Vlhova won the latest episode of what is rapidly emerging as the biggest female rivalry in the sport by capturing gold in the giant slalom on Thursday to become Slovakia’s first world champion.
Coping best in winds that reached 70 kph (43.5 mph) amid unseasonably mild temperatures in central Sweden, Vlhova used her size and power to negate a 0.19-second deficit to Viktoria Rebensburg after the first run and beat the German by 0.14 seconds.
Shiffrin took bronze to add to the gold medal she won in the super-G on the opening day of competition.
Asked if the slalom on Saturday will determine the best female ski racer of the championships, Vlhova — the gold medal round her neck — leaned back on the sofa, made herself comfortable, and had a twinkle in her eye.
“We will see on Saturday, she said, “but sure it will be a good fight with Miki.”
Aged 23 like Shiffrin, Vlhova is proving to be the biggest threat to the American’s dominance of Alpine skiing. The Slovakian is the only racer to beat Shiffrin in slalom this season and she also won two giant slaloms on the World Cup circuit recently — tying with Shiffrin in the final GS before the worlds.
This win, which added to the silver she won in the Alpine combined on Friday, took her to a new level.
“Finally,” Vlhova said, “I showed to everyone who is Petra from Slovakia.”
Shiffrin knows about her, all right.
“It’s motivation,” she said. “It’s inspiring in some ways.”
Shiffrin said she lost some self-belief once she saw the conditions in the morning, when it rained for the second straight day to add to the strong winds that forced organizers once again to shorten the course.
There was already added external pressure on the American after she chose to skip the combined — to the surprise of some, including Lindsey Vonn — to preserve energy for the giant slalom and slalom.

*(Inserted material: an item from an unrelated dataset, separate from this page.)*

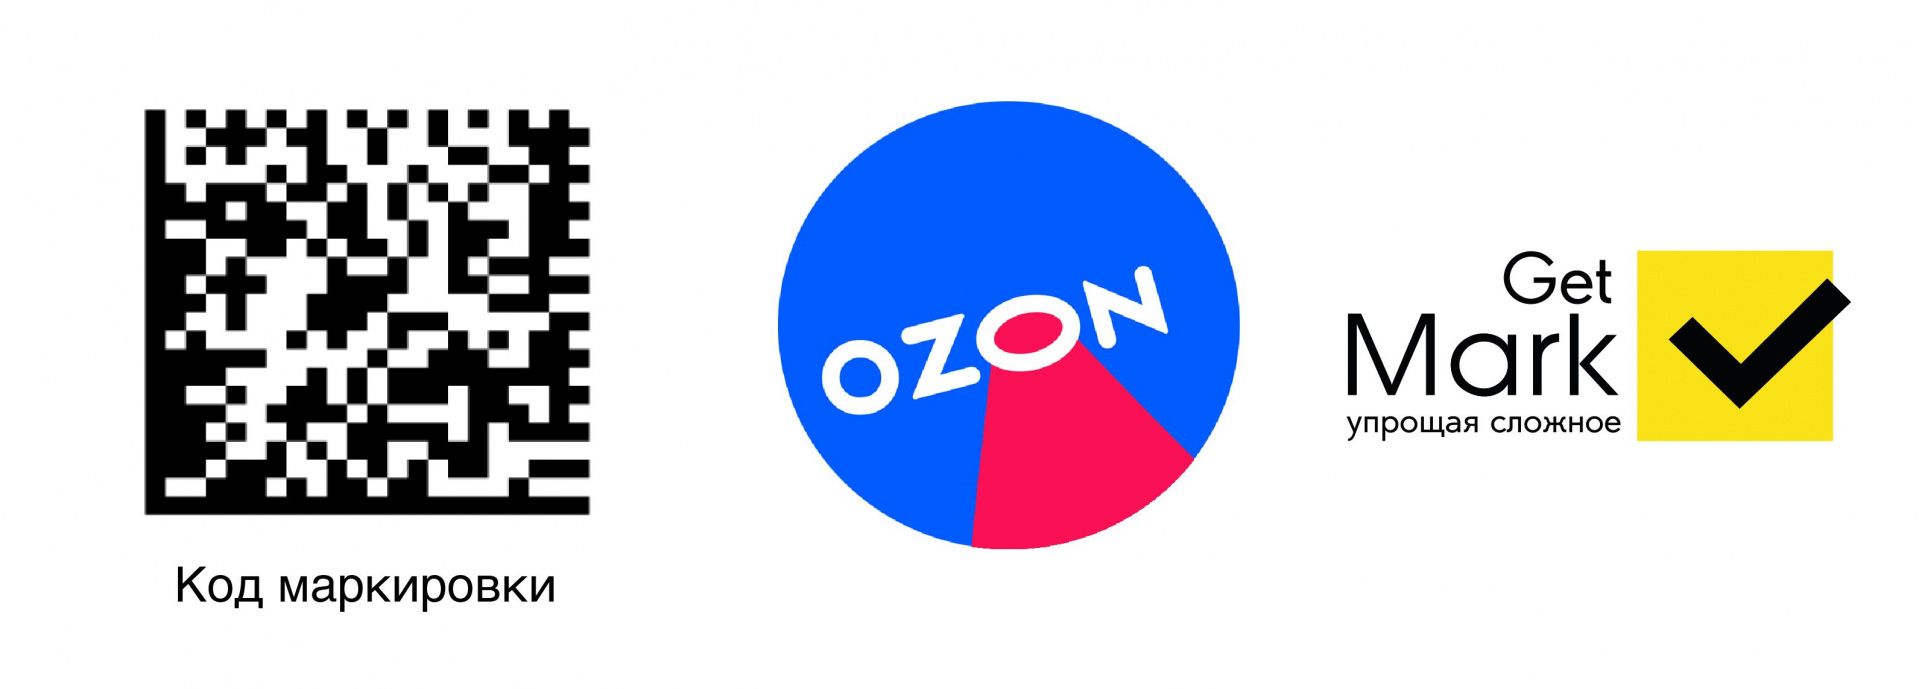 Работа с маркированным товаром на Ozon. Вывод и ввод в оборот маркированного товара на Ozon. Заполнение УПД для работы на Ozon.

The careful planning didn’t pay off.
Shiffrin was 0.44 seconds off Rebensburg’s lead following the first run, after which she acknowledged that she struggled to get a “response from the surface.” It meant, she said, that she skied “a little too safe.”
Determined to ski more aggressively in the second leg under floodlights, Shiffrin turned in only the sixth fastest run and ended up happy just to claim third place for her sixth world championship medal — just two off the American record held by Vonn.
“Coming away tonight with a bronze, after a gold in super-G, is very much a dream come true,” Shiffrin said.
It was so windy ahead of the second run that organizers removed the banner above the finishing line. Shiffrin said the gusts pushed her backward at the starting gate.
Vlhova, taller and more robust than Shiffrin, relished the conditions. She even overcame crashing into a gate in between the second and third checkpoints of the second run, which saw her briefly lose control.
Racing second to last, she leaned back and clenched her fists after beating the time of Shiffrin. Then she put her hands to her head when Rebensburg crossed the line with the second-best time even though the 2010 Olympic champion had a lead of 0.40 seconds at the third checkpoint.
Add Vlhova to the list of the most successful athletes in Slovakia, which already contains tennis player Dominika Cibulkova, cyclist Peter Sagan, soccer player Marek Hamsik and ice hockey player Zdeno Chara.
“Sometimes, she said, “it’s really hard and you have a lot of pressure because in Slovakia, we are a small country and we have just a few athletes like I am.”
There’s still so much more to come, too, from Vlhova, who said she might start competing in speed events “because we knew from the summer I can be really fast.”
Shiffrin sure has some company at the summit of women’s ski racing.